Back to work… :smiley:

Just so I understand correctly what you are trying to do:

  • You have 2 Realm App:
    • SuperApp_Dev
    • SuperApp_Prod
  • They are both versioned in the same GitHub repo on 2 different branches: dev and master respectively.

You want bi-direction Realm UI <=> GitHub to work on both Realm App / branches.
Is this correct?

1 Like

Did you see this doc?

Humm

OK… Sooo.
I tried to create a new Realm App called RealmAppDeployTest_PROD linked to a brand new GitHub repo.
So far, so good. The code was sent from Realm UI => GitHub.
I also created a couple of functions which resulted in a couple of commits automatically added in my master branch.

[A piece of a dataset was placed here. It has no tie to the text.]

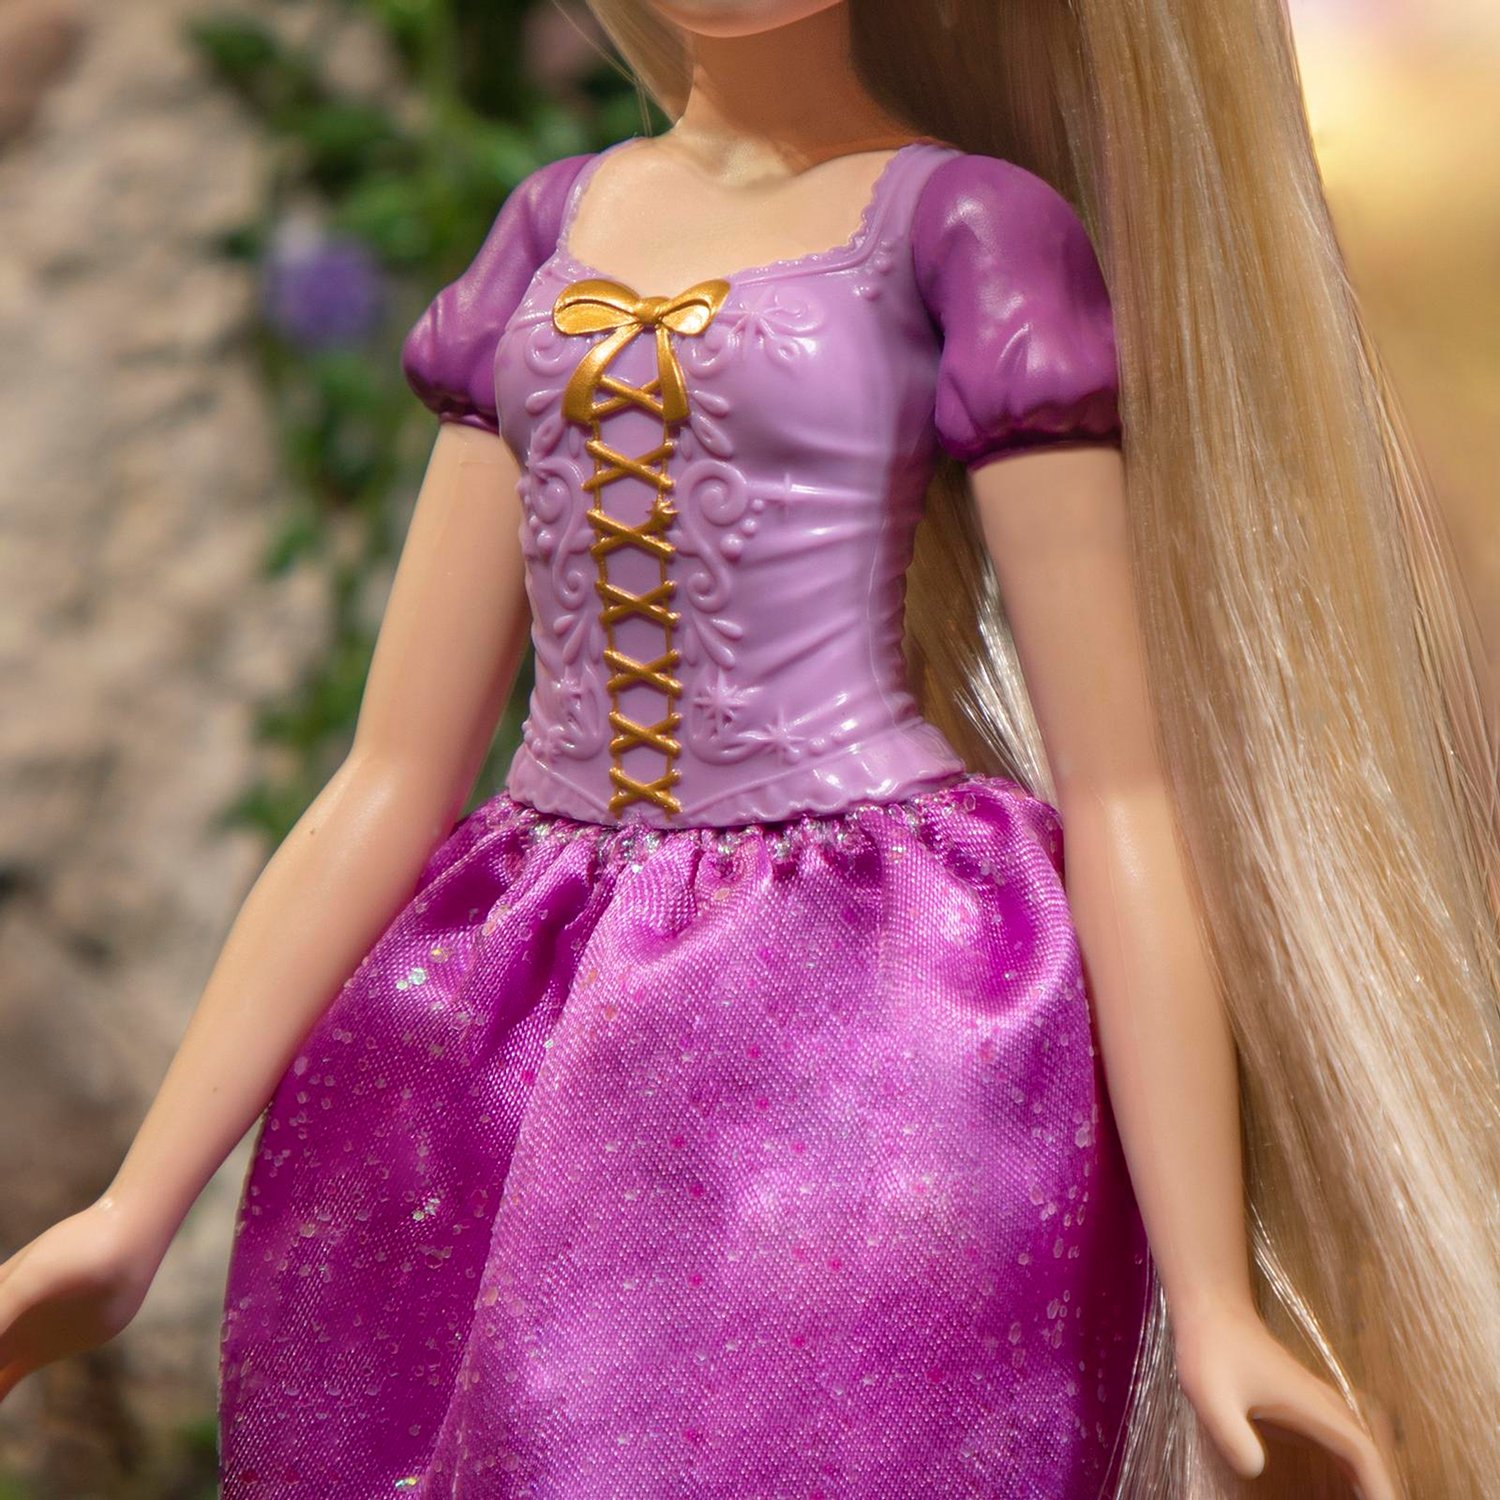 Кукла Disney Princess F1057 Рапунцель Локоны

But now, if I want to create a new Realm App RealmAppDeployTest_DEV, I guess this wouldn’t be an issue to create this Realm App on a new dev branch in my repo…
BUT
The problem is that these 2 branches are now completely different and pointing to different applications. For example, the realm_config.json file points to my PROD app and its bro file in the dev branch would point to the DEV app… Meaning that I can’t merde the dev branch in the master branch anymore without overwriting that file that shouldn’t be overwritten.
Same for the data sources as you probably want to keep your PROD running on your PROD Atlas cluster and the DEV on the DEV cluster.

Sooo… Maybe there is a trick that I’m missing with the environments but a direct git merge or rebase between dev and master doesn’t sound like a good idea for me so far.

Can you explain your plan/target if any?

Oooooh! I heard rumors this feature was coming, but I haven’t played with it yet.

1 Like

Hi Maxime, thanks for your detailed answer!

You’re bang on regarding the setup I was aiming for. I’ve also encountered the merging issue you’re mentioning but was hoping a simple .gitignore would prevent the realm_config.json file from being merged. There are some other files I’d like to not merge, like the sync folder (so that the realmApp_DEV can have Sync’s developer mode ON while the realmApp_PROD doesn’t).

My reason for wanting to do this is as follows: my app is in production and I want to make a bunch of changes to the schema safely without affecting realmApp_PROD. So I created the realmApp_DEV that my client app syncs to when I’m in dev. When I’m ready to push both the new client code and the new realmApp schema to production, I’d like to simply have to do a GitHub merge from dev branch to prod branch and that would automatically bring my schema changes to prod.

So technically, although the deployment to GitHub is bi-directional, I’d only use the functionality in one direction for each environment like so:

  1. realmApp_DEV changes deployed to GitHub dev branch
  2. GitHub prod branch deployed to realmApp_PROD.

The issue I have is that step 1 doesn’t work (presumably because my GitHub dev branch is not the master branch). Although I’ve read somewhere that it was now possible to deploy to a non-master branch on GitHub.